I never used the word "self"... and there's no reason for you to use that as short-hand.You are wrong in point #2, as I've already explained. You believe that men make choices that have no cause. You claim "self" as cause, but that is no answer.
I said in the L.F. W. schema the agent (that would be the person or the actor) are themselves the "cause".
They cause it, they "choose" it. They are endowed by God with the power of self-determination and the capacity to distinguish and choose between one or more options.
There's nothing wrong with that.
The agents themselves are the causal factor....thus, there is a cause.
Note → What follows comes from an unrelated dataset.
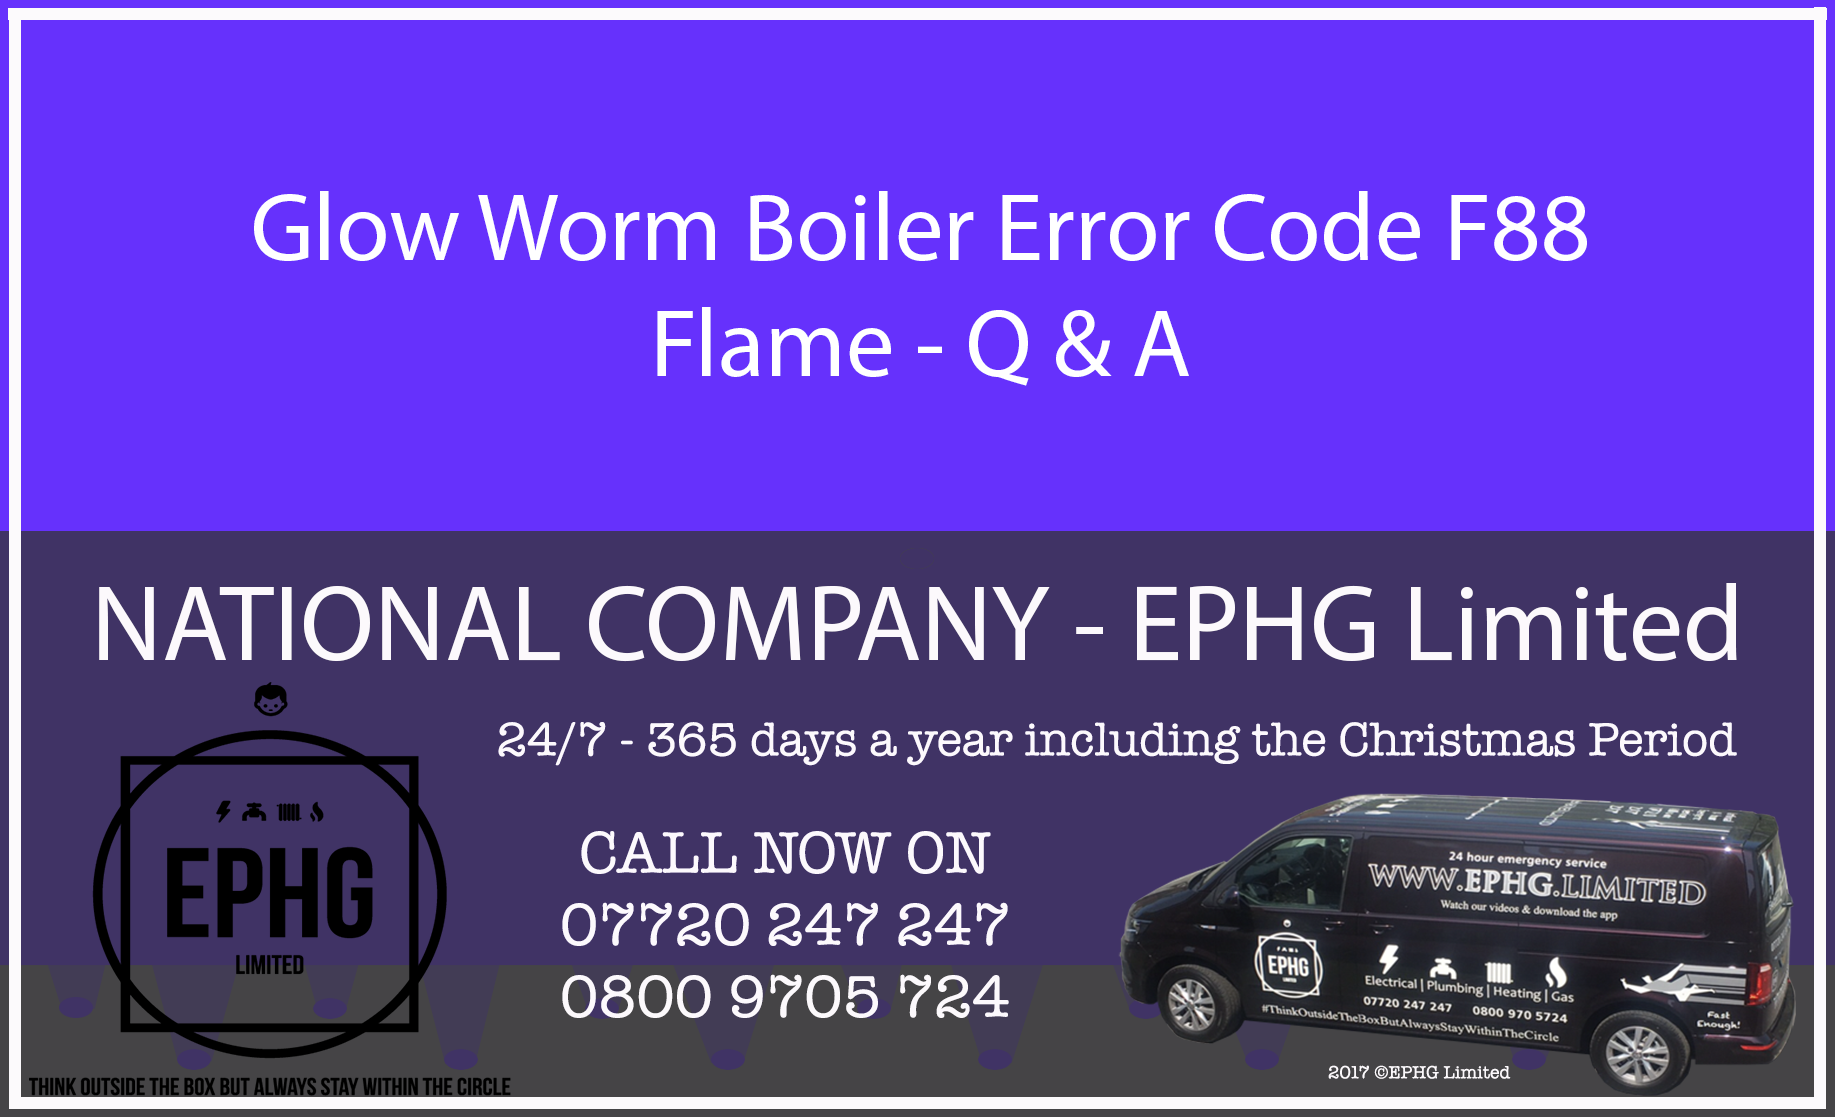 Glow-Worm boiler error code F.88

That's an answer and a perfectly valid one whether you like it or not....and it's perfectly sufficient.
What you want is to demand necessity from mere causation....that doesn't happen, we don't assume it, and you can't demonstrate it. There are perfectly decent ways to argue your Philosophy, but this angle simply doesn't work.
You are perfectly free to argue that we aren't endowed with "Libertarian" free wills, or that our wills are "bound" in such a way that our choices are necessitated by our natures..................
(that's what Calvinism argues B.T.W.)
But we are still the "causes".
What you can't do is simply smuggle necessity into causality like you do..............and if Frame does it, than his arguments are as pathetic as they seem.
That's nonsense.
I don't think you understand the crux of Calvinist Philosophy that well.....because "causality" isn't the issue...it's the necessity of choices being "caused" by the agents in accord with nature....
Well....I'm not going to help you out any further here:
Your own crowd should straighten you out on these distinctions.............................
John Frame's argument if he made it.....is preposterously stupid...
Like seriously stupid.
If you disagree, please state in your own words why I'm wrong.